Bureaucracy, State, and Empire

WHERE IS PIERRE POUJADE WHEN YOU NEED HIM?

We are living through the Second Demonization of American right-wing opinion. The First Demonization, that of the 1950s and ‘60s, took place just when the Right itself was making the transition from relative "isolationism" to full-bore global anticommunist crusading. That transition was rather lost on the left-liberal academics who led the charge against the so-called "radical right." Radical, it turns out, meant that these rightists genuinely wanted to roll back the New Deal. This was bad form.

A substantial literature grew up around the task of psychoanalyzing the radical right, "pseudo-conservatives," and alleged "authoritarian personalities," who resisted the liberals’ New Order. Such worthies as Daniel Bell, Seymour Martin Lipset, Richard Hofstadter, and the tame "conservative" Peter Viereck enlisted to lay bare the sins of the "far" right. Oddly, it was never a "near" right.

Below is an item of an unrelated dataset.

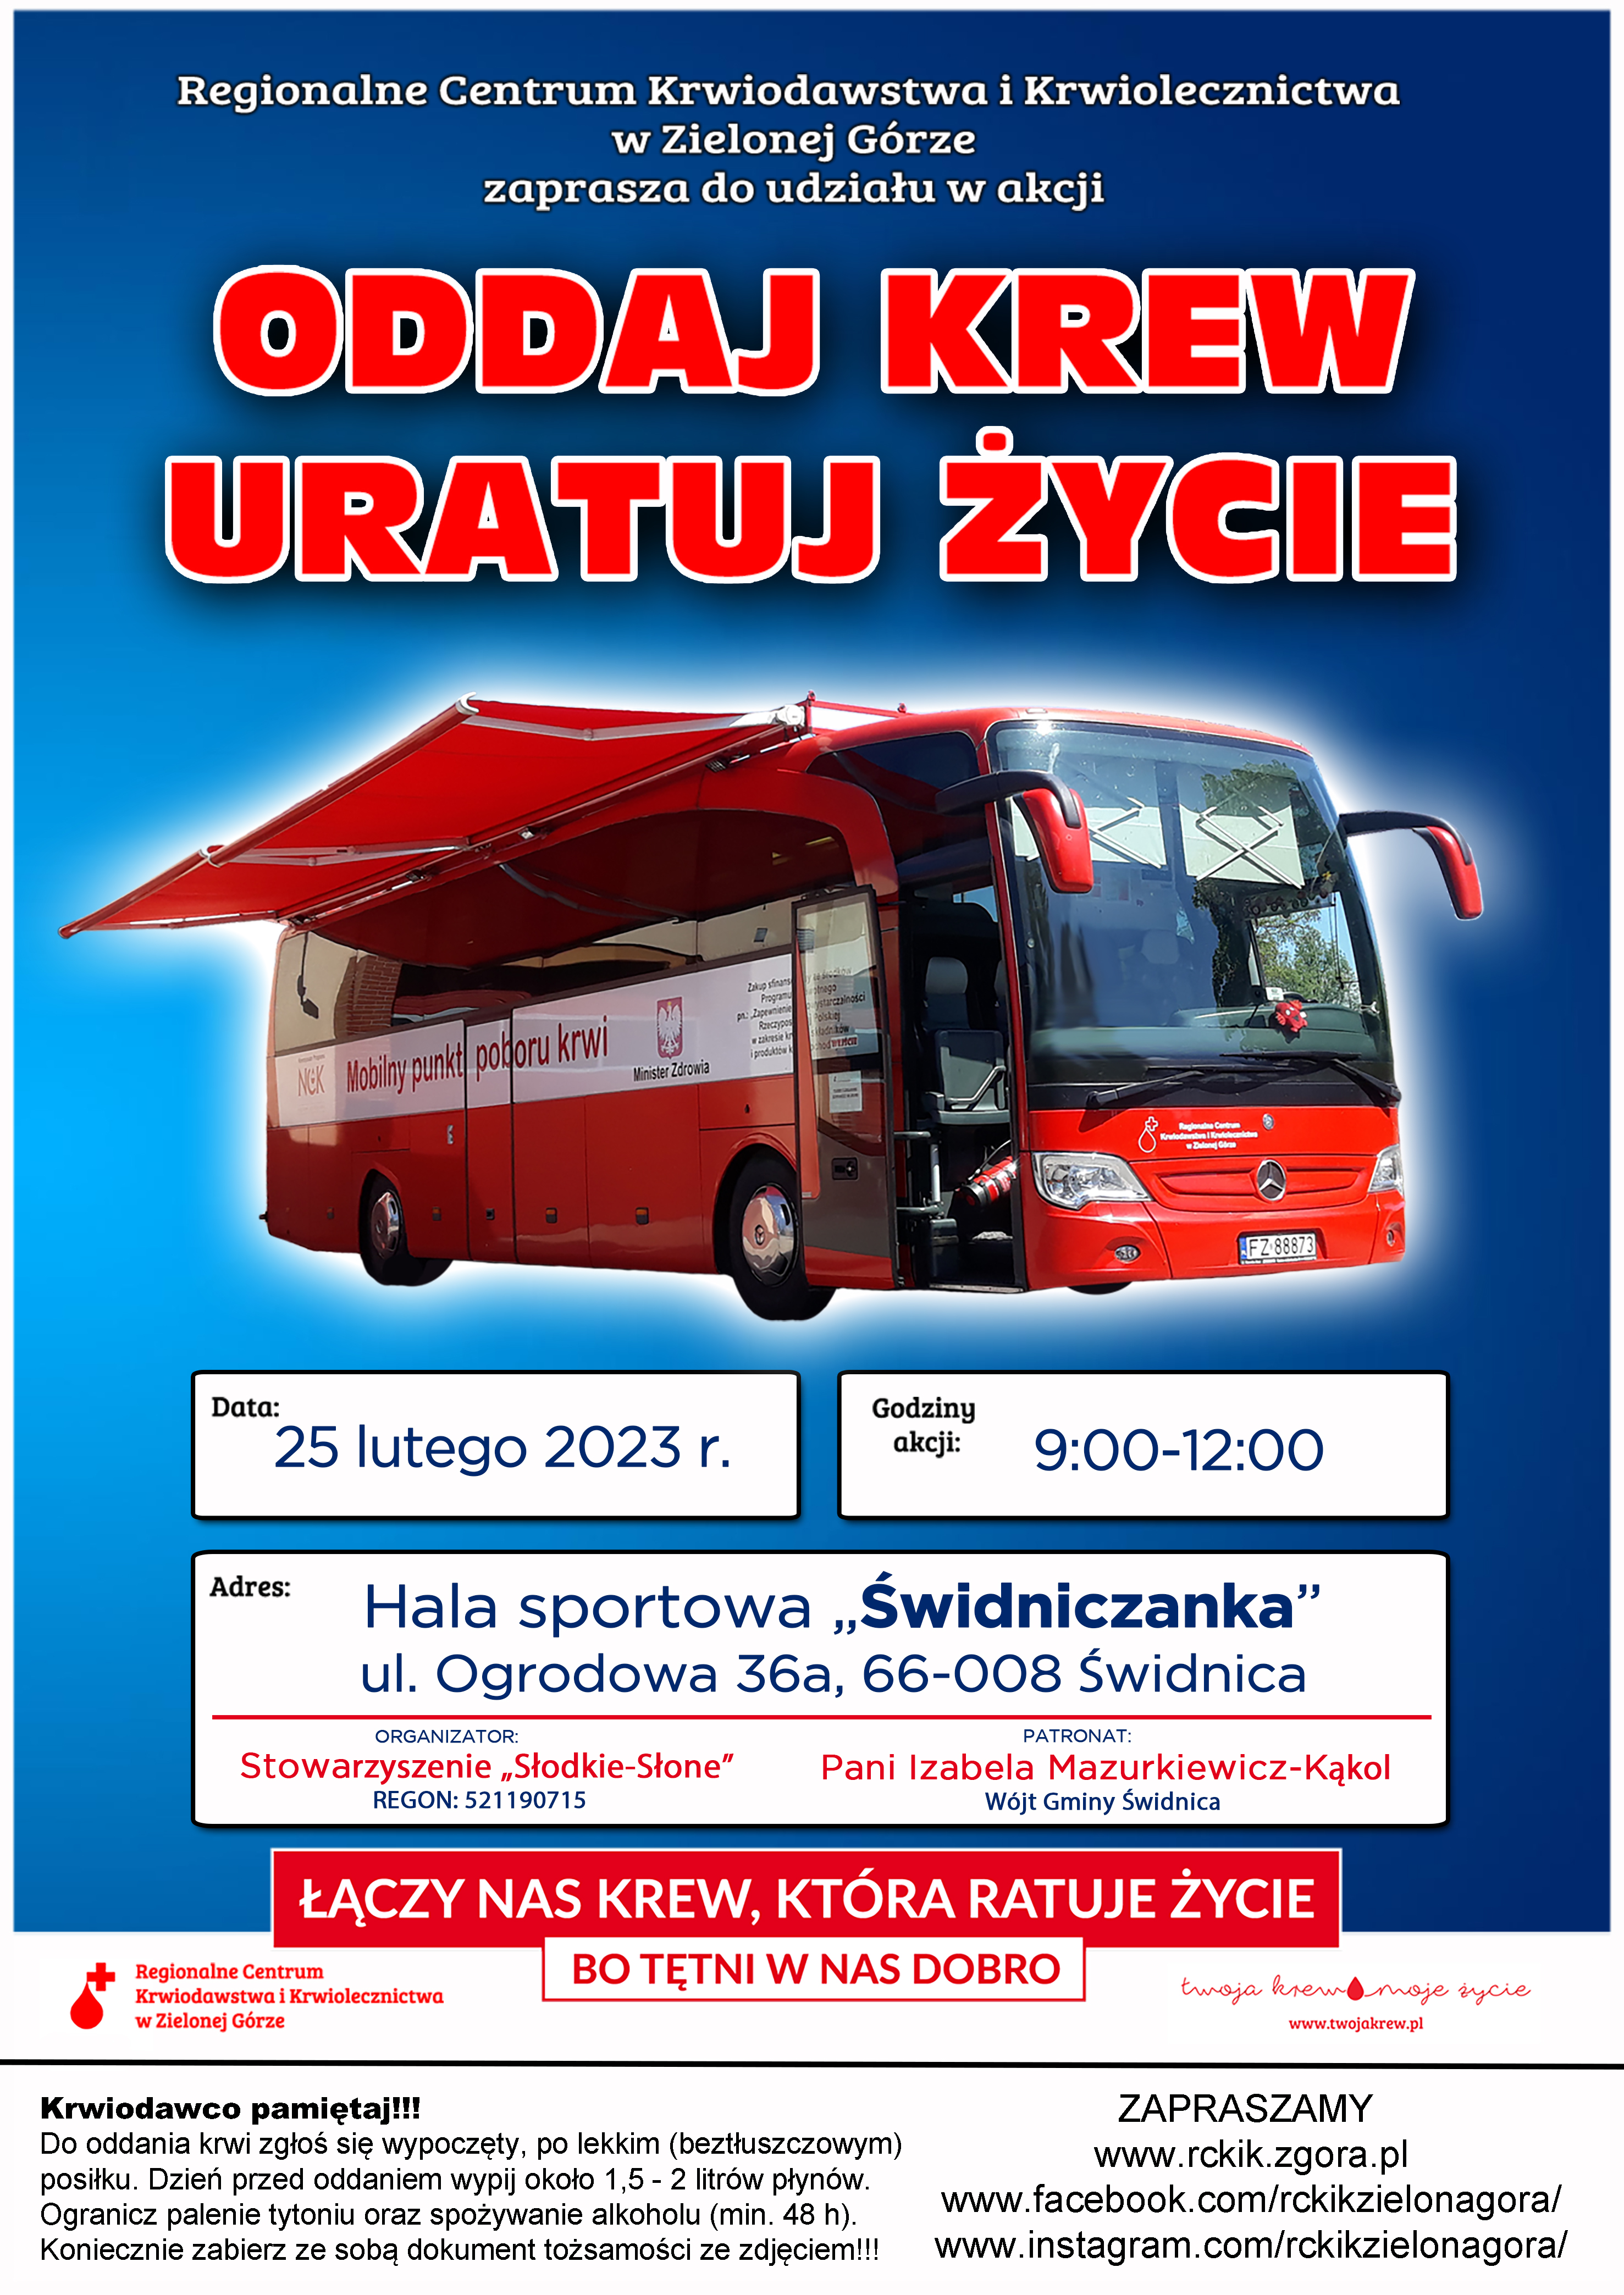 Plakat promujący akcję pn. "Oddaj krew w Gminie Świdnica"

These writers burdened the right with a long list of mentally suspect bad attitudes: "isolationism," xenophobia, "McCarthyism," failure to embrace trade union violence, and – especially wicked – "Poujadism." For the Left, Poujade was a terrible "fascist" to be suppressed as quickly as possible. So who or what was Poujade? Poujade was a minor postwar political figure in France, whose program centered on drastic reduction of taxes and elimination of bureaucratic micromanagement of French life. Some "fascist." His movement sought to rally shopkeepers and farmers against the centralized state and, thus, in the direction of greater freedom.

AN OBJECT LESSON IN RIGHT-WING SELF-DESTRUCTION?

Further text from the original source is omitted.